Check Out the 'Utilitarian Simplicity' of Joe Boston's Italian Beef


[Photographs: Mike Gebert]

If someone asked you to decorate an Italian beef stand in the classic manner, how would you do it? You'd lay in a bunch of framed Bulls and Sox posters and memorabilia, and consider the job pretty much done. I mean, Chicago Macho is pretty much the only choice, and probably always has been for that kind of place. Right?


Sorry, you failed the test as soon as you agreed that an Italian beef stand needed to be decorated. The most proletarian of old school Chicago foods, Italian beef wasn't born and raised amid sports bar swagger, but in cheap luncheonettes where factory workers—you know, guys who actually do work work—had 20 minutes to grab a quick cheap lunch high in protein and grease before getting back to the kind of work that would kick your and my butts.

And by definition, places like that got a fresh coat of paint every ten years and that was it. At best, someone made an aesthetic choice of either sanitary white or antiseptic green, the official colors of cleanliness in the 30s and 40s.


Not many Italian beef places still have that look, all the more reason to treasure Joe Boston's Italian Beef, which dates back to 1949, as a living museum of long-ago lunch. Located in a minty-green triangle building at Grand and Chicago, the inside is a study in utilitarian simplicity. You order, they give it to you on a square of white paper, you carry the paper without spilling your fries to a table, because if you can't do that without screwing it up, nobody wants to work next to you smelting iron.
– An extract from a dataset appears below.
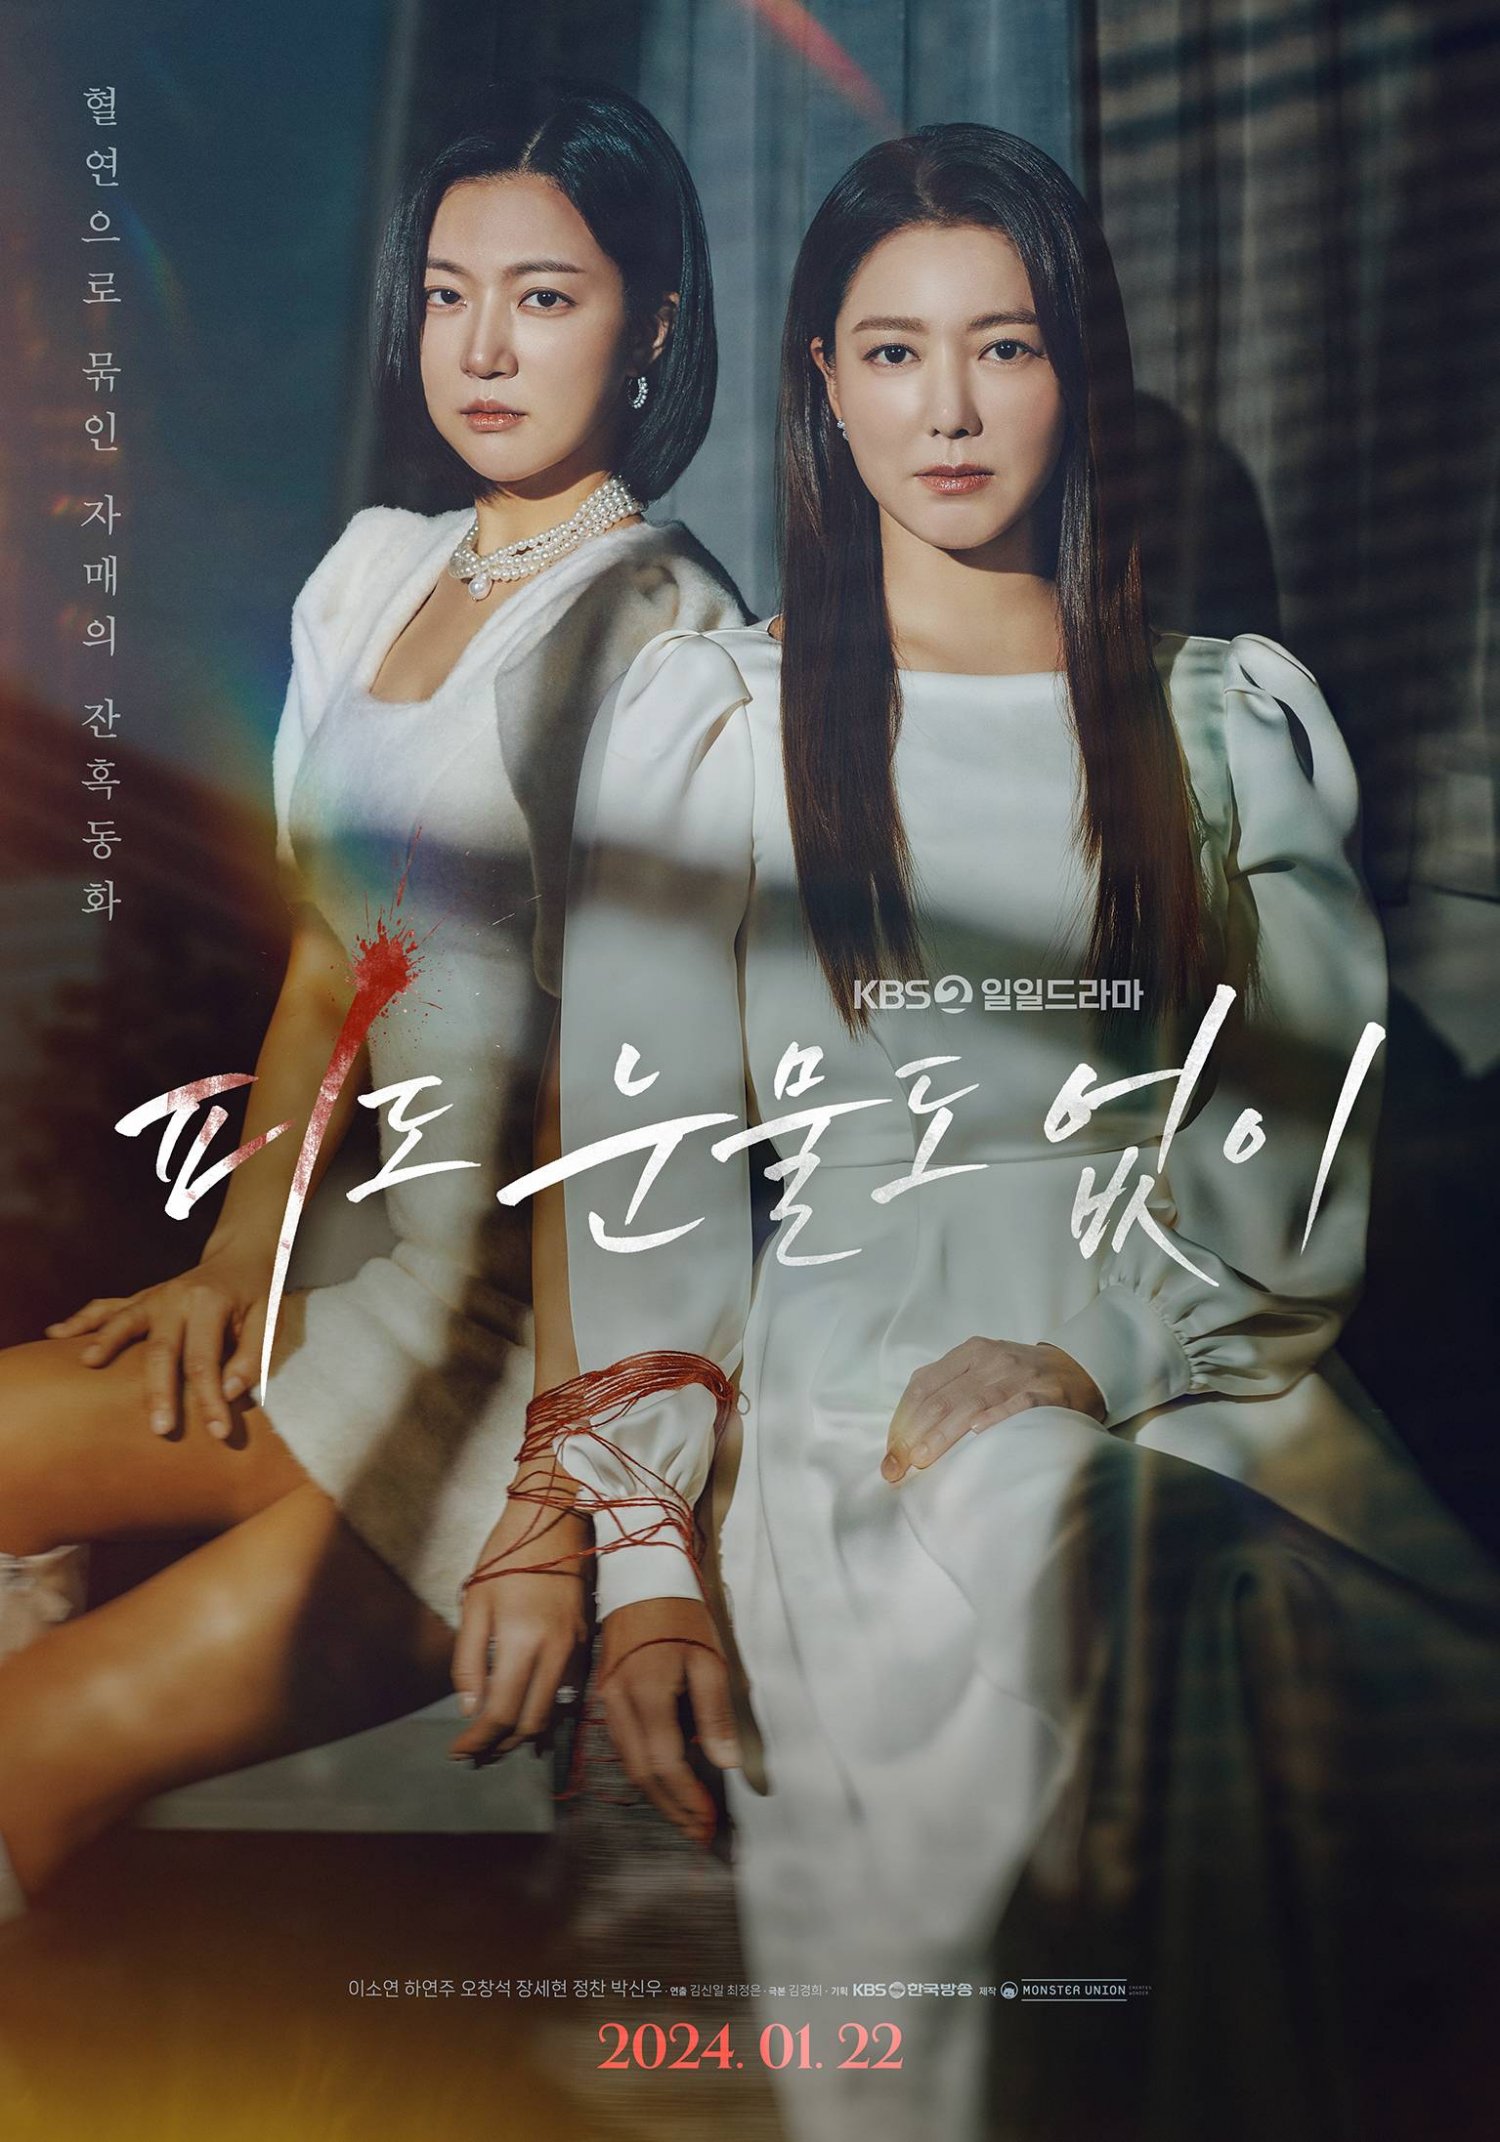 In Cold Blood là một bộ phim Hàn Quốc thuộc thể loại tâm lý, chính kịch chủ đề báo thù

So how is it? Well, I learned one thing—don't order the combo at 2:30 in the afternoon; the sausage was a hard, shriveled mockery. The frozen fries were nothing to get jazzed about, either. But the beef, on the other hand, was first-rate, so tender it almost melted into the dipped bread with rich, oregano-heavy Italian-spice flavor. Sweet peppers and housemade giardiniera were both classically well-made as well. In all, I'd put it in the top 2 or 3 beefs in town (as Michael Nagrant did recently).

The factories that once would have packed a place like this in shifts seem mostly gone; like Johnny O's on the South Side, it's one of those places that's outlasted the businesses that it was started to serve, and waits for a new crowd to find it in its lonely little plot in the American industrial desert. Check it out before it gets decorated and the prices go up.